= Robert J. Johnson (priest) =

Irish-born priest

Robert J. Johnson (died January 1, 1916) was an Irish-born priest who ministered in the Archdiocese of Boston.

==Personal life==
Johnson was born in Ireland and fluent in Irish. He was friends with Henry Cabot Lodge. Following the Spanish–American War, Johnson spoke out against the atrocities the United States government was committing against the Filipinos.
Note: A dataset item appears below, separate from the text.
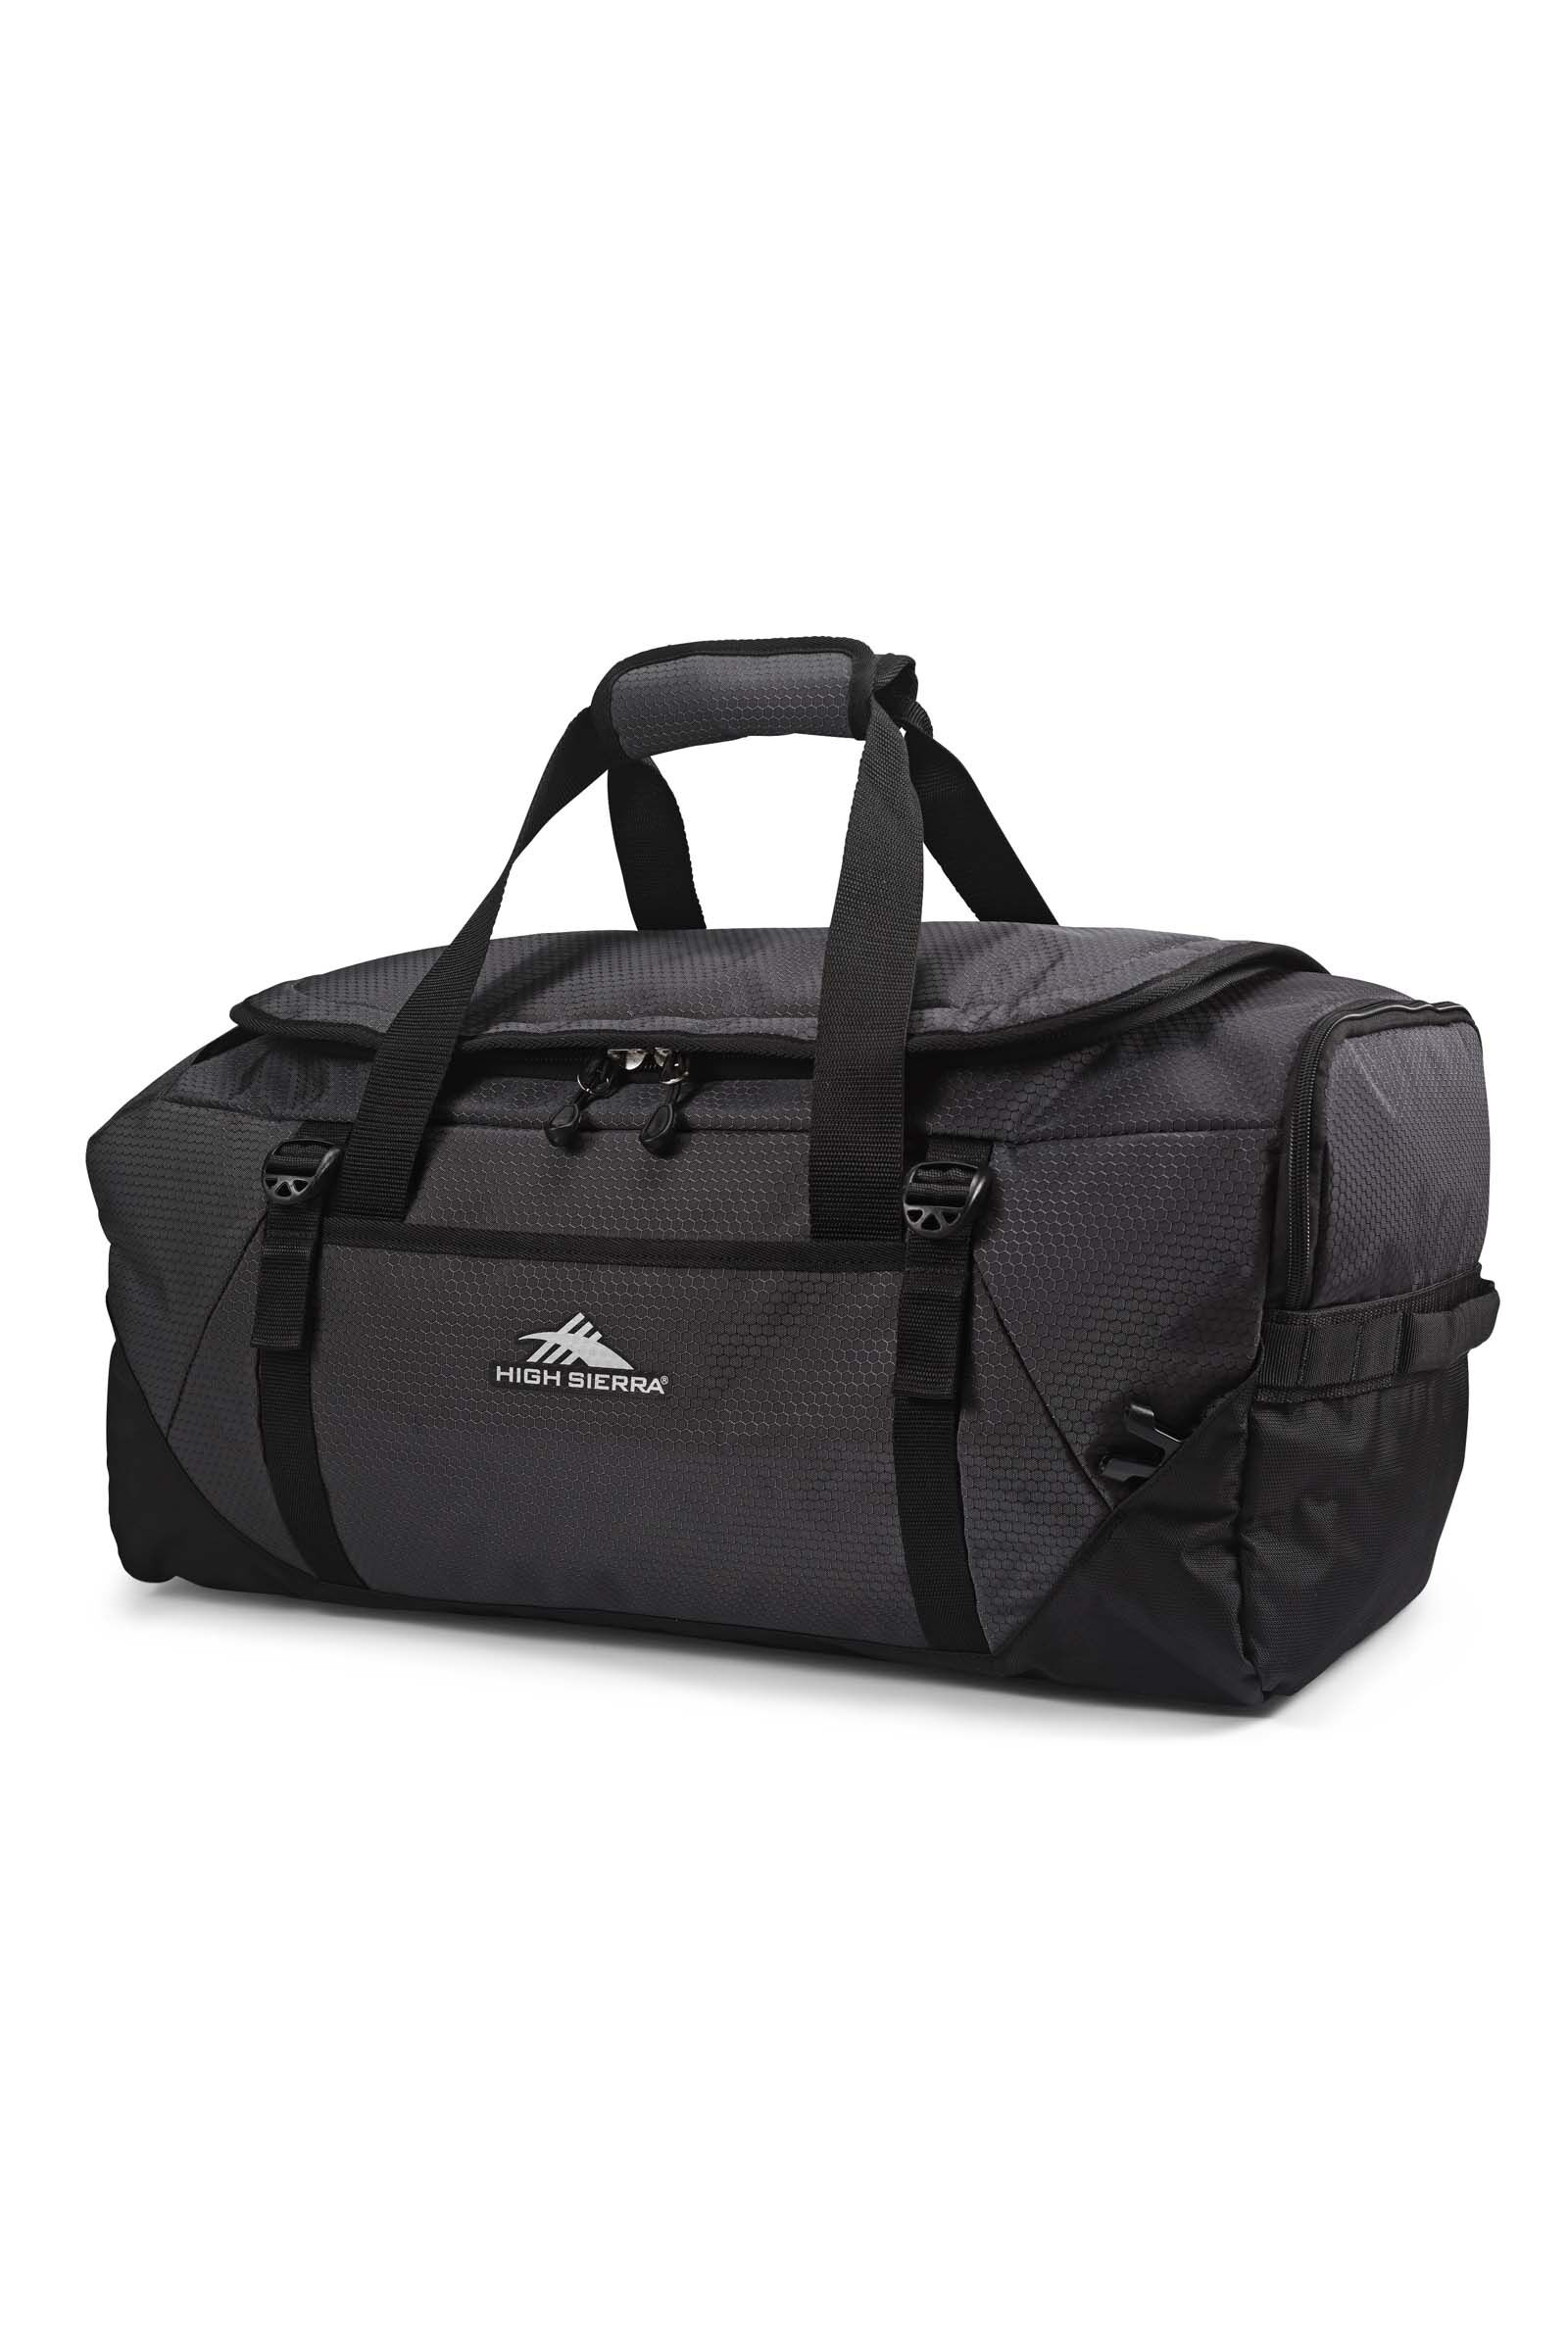 High Sierra Fairlead Collection Travel Duffel/Backpack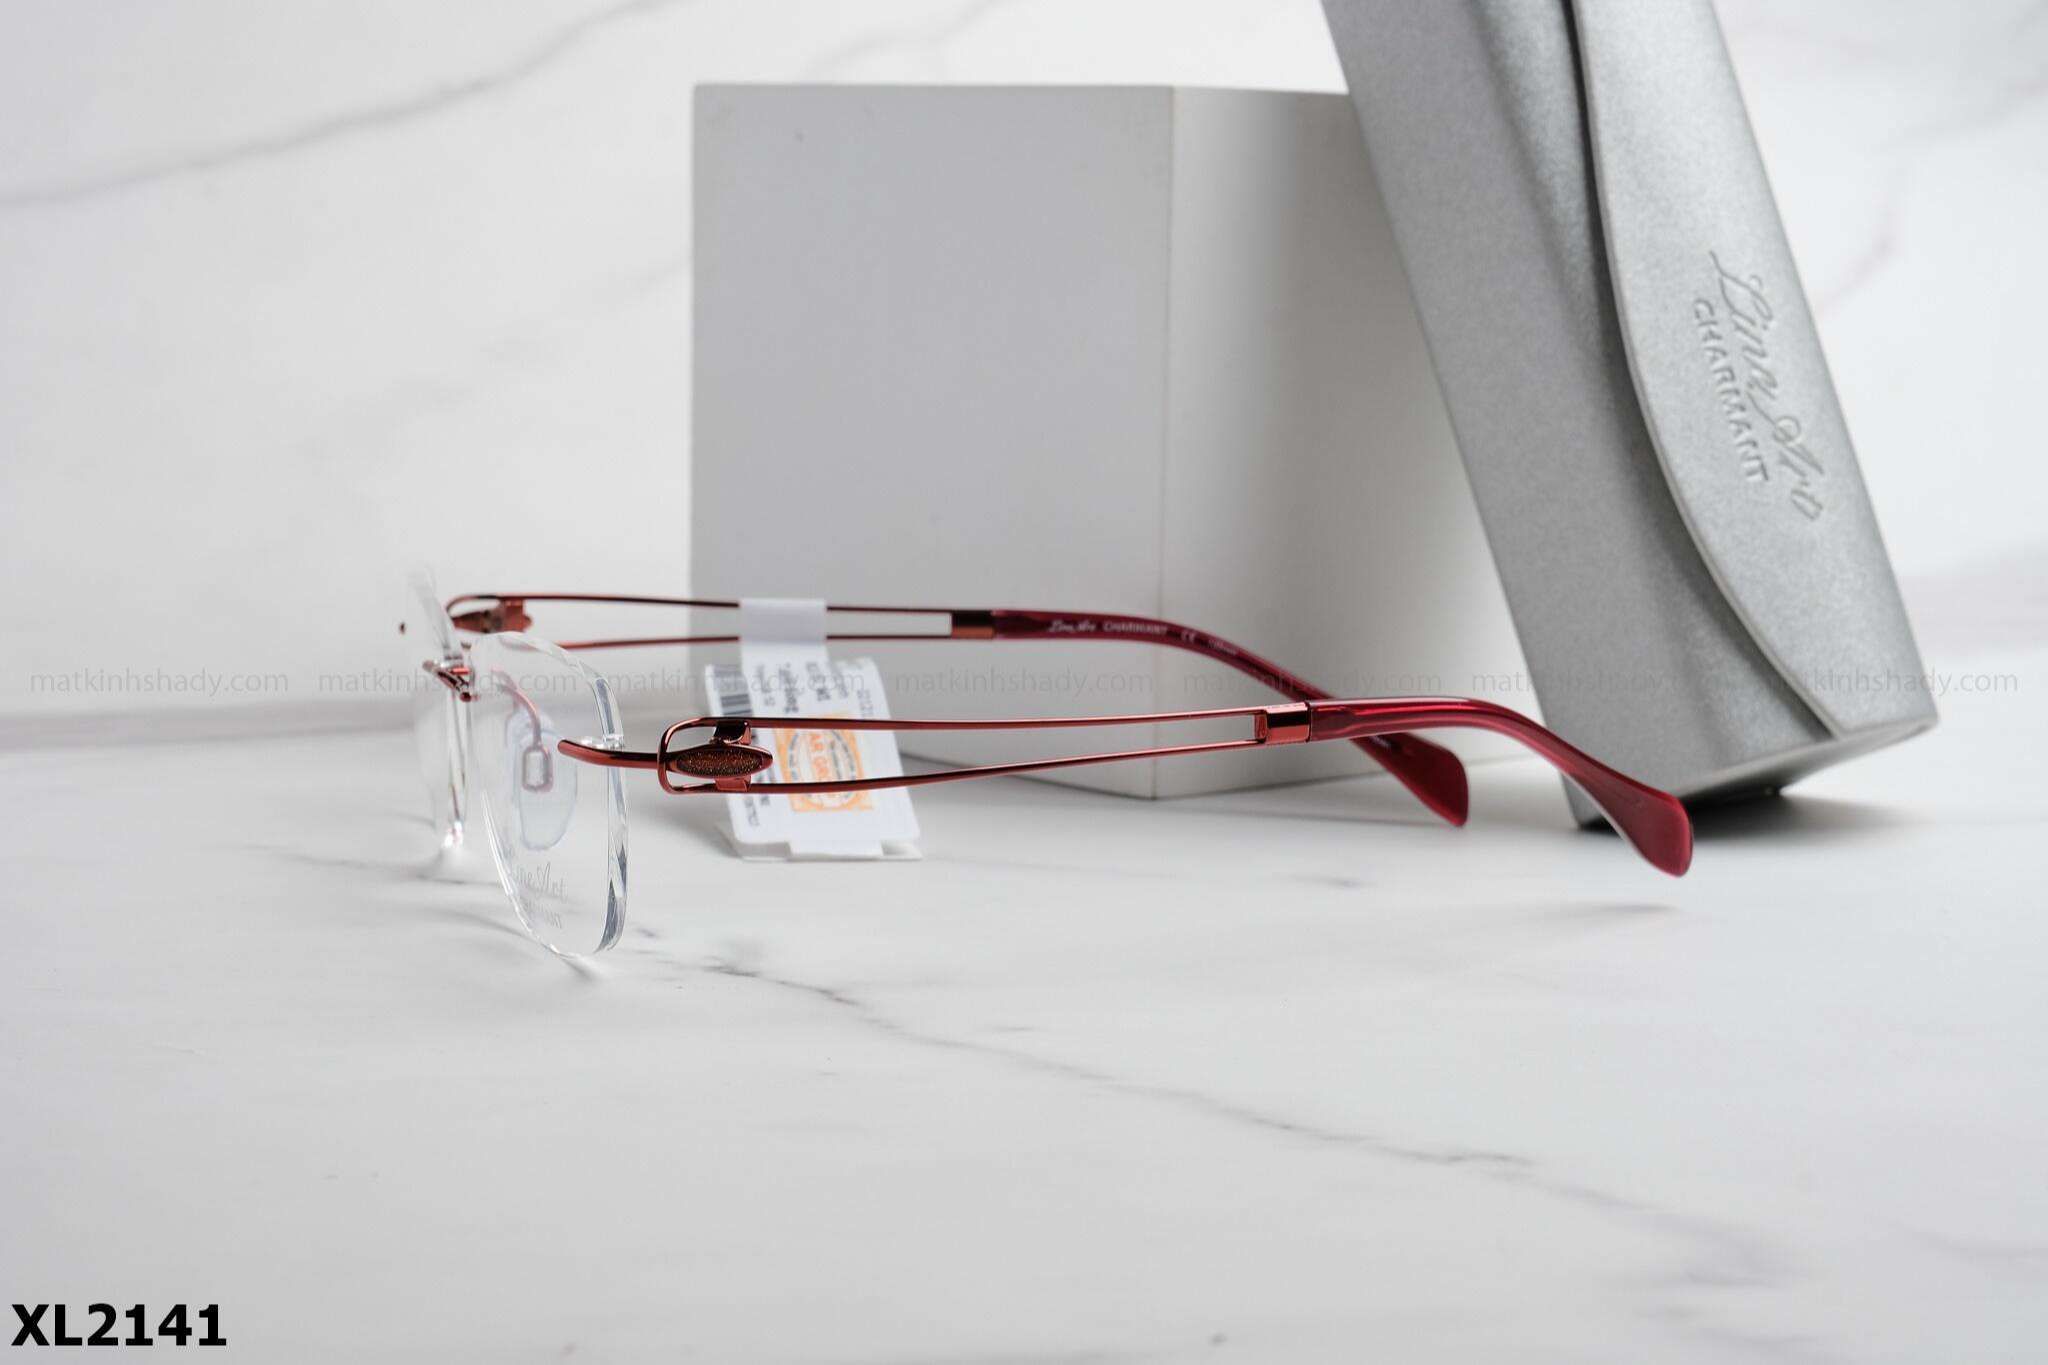  LINE ART CHARMANT Eyewear - Glasses - XL2141

He died on January 1, 1916, and was buried on January 4 in Lowell, Massachusetts, after a funeral at Gate of Heaven Church in South Boston. There was a large crowd of priests in attendance and the church was not big enough to hold all of the people who wished to attend.

==Ministry==

Johnson built St. Mary's Church in Dedham, St. Eulalia's at City Point, and Gate of Heaven Church in South Boston. He also served as a curate at S.S. Peter and Paul in South Boston. On July 1, 1898, he was appointed chaplain of the Suffolk County House of Correction. It was said that he "was a perfect treasure-house of theological lore."

===St. Mary's Church===
Johnson served as past of St. Mary's Church in Dedham, Massachusetts from August 1878 to 1890.

During this decade, Johnson was publicly raising the issue of discrimination against Catholics in the public schools. He served two terms on the Dedham School Committee, from 1884 to 1890. As a member of the School Committee in 1885, he claimed the principal of the Avery School ridiculed Catholic students, and several years later had a lengthy debate with a Protestant minister via letters in the Dedham Standard about the "rank misrepresentation of the Catholic Church" in a history book adopted by the School Committee.

During Johnson's pastorate, the cornerstone of the present St. Mary's church was dedicated on October 17, 1880, by Archbishop John Williams. A crowd of between 4,000 and 5,000 people attended, and special trains were run from Boston and Norwood to accommodate all those who wished to attend. It was one of the largest gatherings in Dedham's history.

The crowd included many of the leading citizens of Dedham as well as 30 priests. The clergy included Father Theodore Metcalf (Note: Theodore Metcalf was a descendant of Michael Metcalf, a signer of the Dedham Covenant. Michael was also a teacher in Dedham, at the first public school in America.) of the Cathedral of the Holy Cross who served as Master of Ceremonies. (Note: Metcalf would go on to Gate of Heaven Church, where Johnson would succeed him.) The footprint of the Gothic church, which Father Johnson said was to be a "cathedral in the wilderness," measures 150' long by 65' wide, and the bell tower is 164' tall.

To serve the Catholics of East Dedham, he built St. Raphael's Church, but it was destroyed by fire a few years later. When he left St. Mary's, the Catholics and Protestants of the town were both sorry to see him go. He had become friends with all, including many of the leading men in town.

===Gate of Heaven Church===
After leaving St. Mary's, Johnson was pastor of Gate of Heaven Church from 1890 to his death in 1916.

Johnson became pastor on June 1, 1890. He was known as the "second founder" of Gate of Heaven. During his first years at Gate of Heaven, the parish had 10,000 parishioners and 600 girls enrolled in the school. With many societies and programs running, the church was too small to accommodate them. On March 4, 1895, the church caught on fire and the interior was destroyed. On April 10, 1895, services began inside the old church again, but it continued to be too small. Johnson began raising funds for a new church, partly though his personal magnetism. In 1896, the cornerstone was laid for a new church by Archbishop Williams. While construction was ongoing, he opened St. Eulalia's Chapel in City Point on May 6, 1900.

During construction, the stained glass windows were originally to be shipped from London duty-free. After two had been installed, however, the Treasury Department overruled the decision of the local collector and demanded a duty payment for the windows already installed and those yet to be delivered. Eventually Congress passed special legislation exempting the windows from the duty and, as a result of this precedent, all stained glass windows for houses of worship were exempt from duty in the Tariff Act of 1913.